Они не прорвались. Примерно на полпути, там, где над дорогой нависла толстая ветвь могучего вяза, на этой самой ветви затаился богомерзкий дракон. И когда процессия проезжала под ним, низринулся дракон прямо на святого Михаила, оглушительно вопя мерзким тоненьким голоском:
— Фрея сильнее, чем Иисус! Пиздец тебе, райский выползень, во имя любви и красоты!
Атака сатанинской твари застала святого врасплох, он остолбенел и только моргал своими огромными глазами. Но отец Бенедикт не утратил бдительности, выхватил свой чудотворный посох, навел на поганое отродье, и вырвалась из набалдашника святая молния, и въебала дракону прямо в грудь, и брызнули перья во все стороны, как бывает, когда уборщица случайно охуячит курицу метлой.
— Это мы еще посмотрим, кто сильнее и кому пиздец, — провозгласил Бенедикт гордо и величественно.
И встряхнулся дракон, и отбросил обожженные перья, и стало видно, что он обгорел совсем не так сильно, как можно было рассчитывать. И взмахнул дракон неимоверно длинным хвостом, и обвил концом хвоста святой посох, и вырвал его из руки настоятеля. И возжелал дракон ухватить сей посох своими погаными лапами, но не попустил господь, не дался посох ему в руки, не сложились уродливые пальцы должным образом, и завопил дракон горестно и нечленораздельно.
— С нами крестная сила! — закричал отец Бенедикт, воодушевившись.
— Ну ни хуя себе колдовство! — закричала Бонни. — Я тоже так хочу!
— Да я вас всех и так уебу! — закричал дракон.
И напрыгнул на святого Михаила, выставив вперед свои страшные когти.

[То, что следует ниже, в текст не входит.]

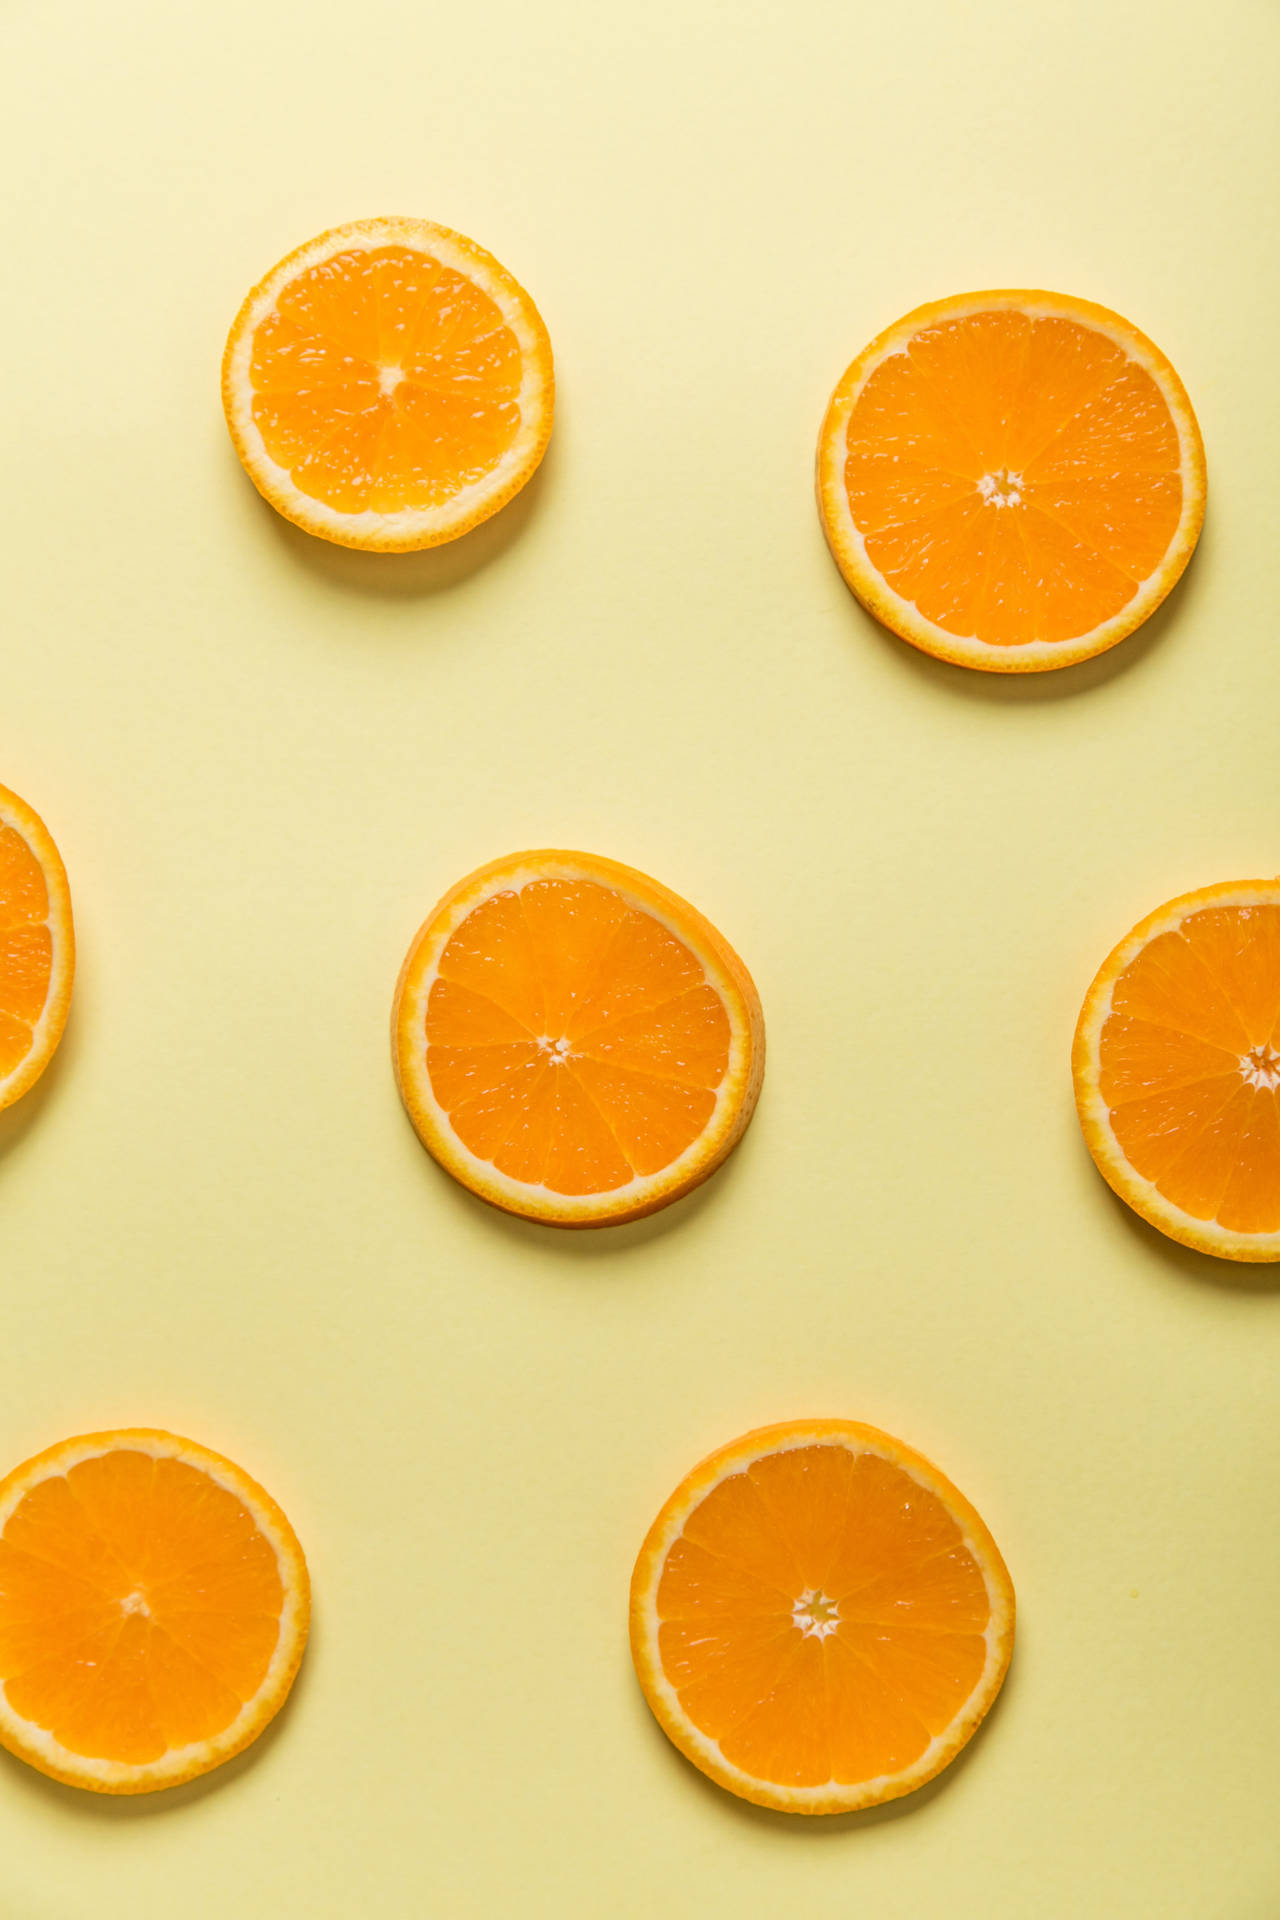 Orangeslice Top Iphone: Apelsinskiva Toppen Iphone Wallpaper
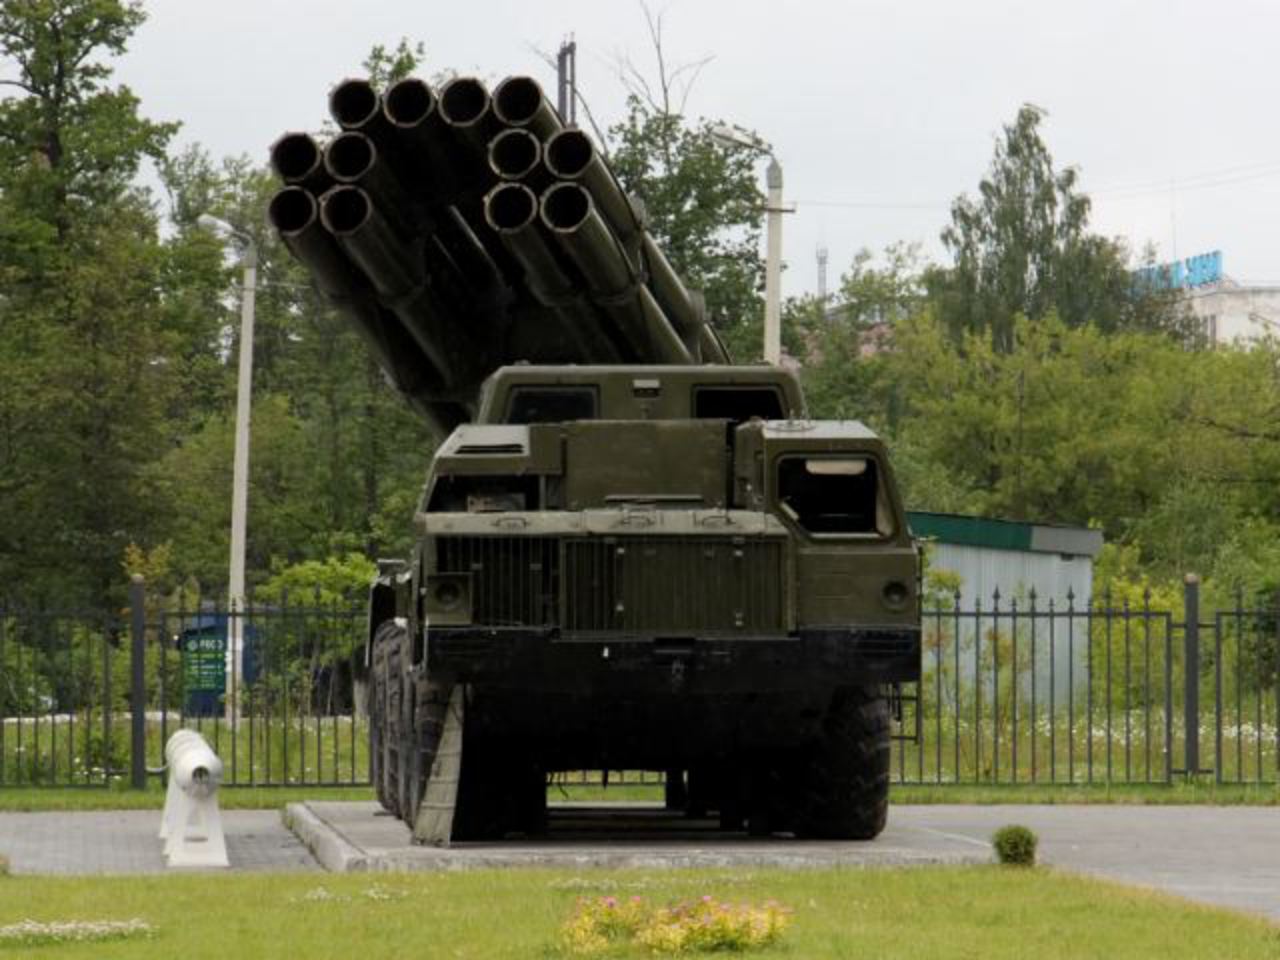 Système de lance-roquettes multiples BM-30 Smerch 9K58 300mm technique...

И вонзился один коготь в бедро святого, и дальше началось невероятное.
Сверзился святой с лошади, и стало его тело меняться, и не успел он коснуться земли, как перестал быть человеком и обернулся огромным псом, тем самым, который вчера намеревался загрызть отца настоятеля, и потом его (пса, не настоятеля) весь вечер искали и не нашли. И клацнул пес челюстями, собираясь ухватить дракона не то за руку, не то за ногу, но не ухватил, ибо промахнулся. И Эрик Припадочный перехватил дубину поудобнее, и произнес нелепые слова, никем в тот момент не понятые:
— Чужой против хищника, я ебу.
И напрыгнул дракон на пса повторно, и вонзил когти в его плоть,
— Так вот как разрешается тот парадокс про собаку в раю, — сказал брат Эндрю. — Святой Михаил своему псу как бы одалживает душу на время, и никакого парадокса нет.
Но его никто не услышал.
Пес тем временем извернулся, подпрыгнул и откусил дракону левую руку, перья так и брызнули. Священный посох, неправедно захваченный богомерзким драконом, закувыркался, улетел далеко в сторону и затерялся в высокой траве.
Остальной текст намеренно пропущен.